Chroniquer un roman érotique n’est pas chose aisée. Chroniquer et non pas critiquer ; je ne suis pas critique, je n’en ai ni l’ambition, ni le talent. Il faut bien reconnaître qu’il est plus difficile encore d’écrire un bon roman érotique. Le piège de la vulgarité pornographique (pléonasme) à deux sous tient ses machoires largement ouvertes, et le moins que l’on puisse dire est que ces dernières sont tout particulièrement sensibles ! Les auteurs de la collections des « Érotiques » de feu Gérard de Villiers en savent quelque chose, en grands spécialistes de la question (pour en avoir lu un certain nombre, je ne crois pas avoir conservé de bon souvenir littéraire ou érotique de ces romans de toilettes de gare – je ne parle pas des S.A.S.). Les collections publiées par Esparbec sont d’un niveau tout autre. Il faut dire qu’il a redonné des lettres d’une noblesse toute proustienne à la pornographie (il revendique le terme).
Désormais, outre la plume d’Esparbec, il faudra compter sur l’érotisme élégant jusque dans sa crudité de Stéphane Rose. Avec Pourvu qu’elle soit rousse, son premier roman, Stéphane Rose évite le piège de la trame à deux balles destinée à servir grossièrement une pornographie crade, sans âme ni qualités littéraires, bonne pour la branlette des trous (de balle). Au contraire, son autobiographie d’un obsédé par les rousses est un roman profond et élégant, littéraire et érotique. Et comme toute bonne littérature, il pose des questions plutôt qu’il n’offre de solutions (Alberto Manguel).

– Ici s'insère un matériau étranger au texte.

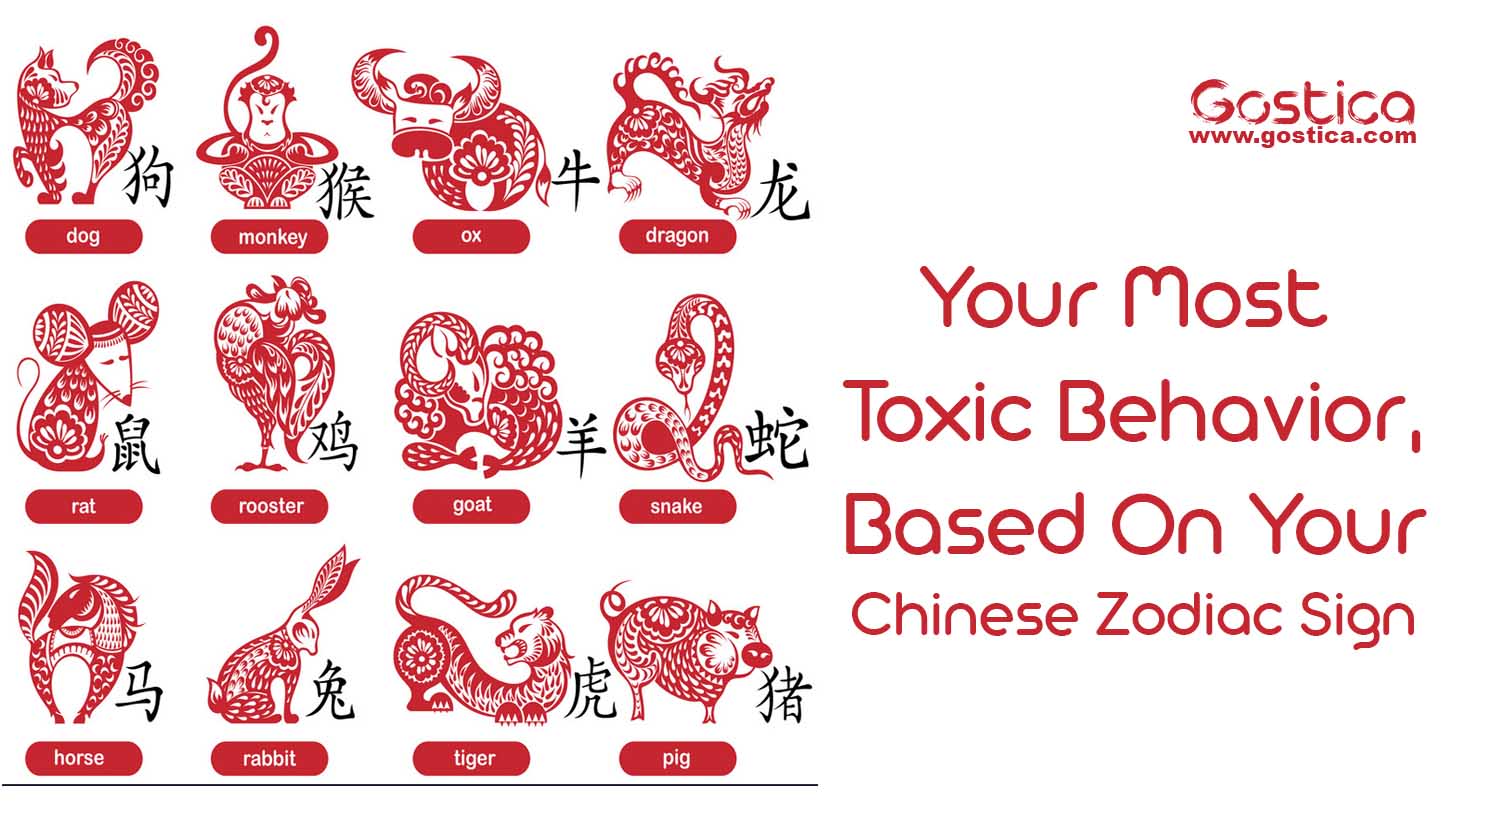 Your-Most-Toxic-Behavior-Based-On-Your-Chinese-Zodiac-Sign.jpg

Le héros et narrateur, Stéphane, est obsédé par les rousses, les vraies, et notamment leur odeur singulière supposée. Le roman s’ouvre sur sa relation avec Anaïs, une vraie rousse, volcanique et démoniaque à souhait. Tout se gâte quand leur relation prend fin, et que Stéphane décide de s’inscrire sur un site de rencontres bien connu pour combler sa soif inextinguible de rousses, et poursuivre sa quête de ce graal sacré à ses yeux…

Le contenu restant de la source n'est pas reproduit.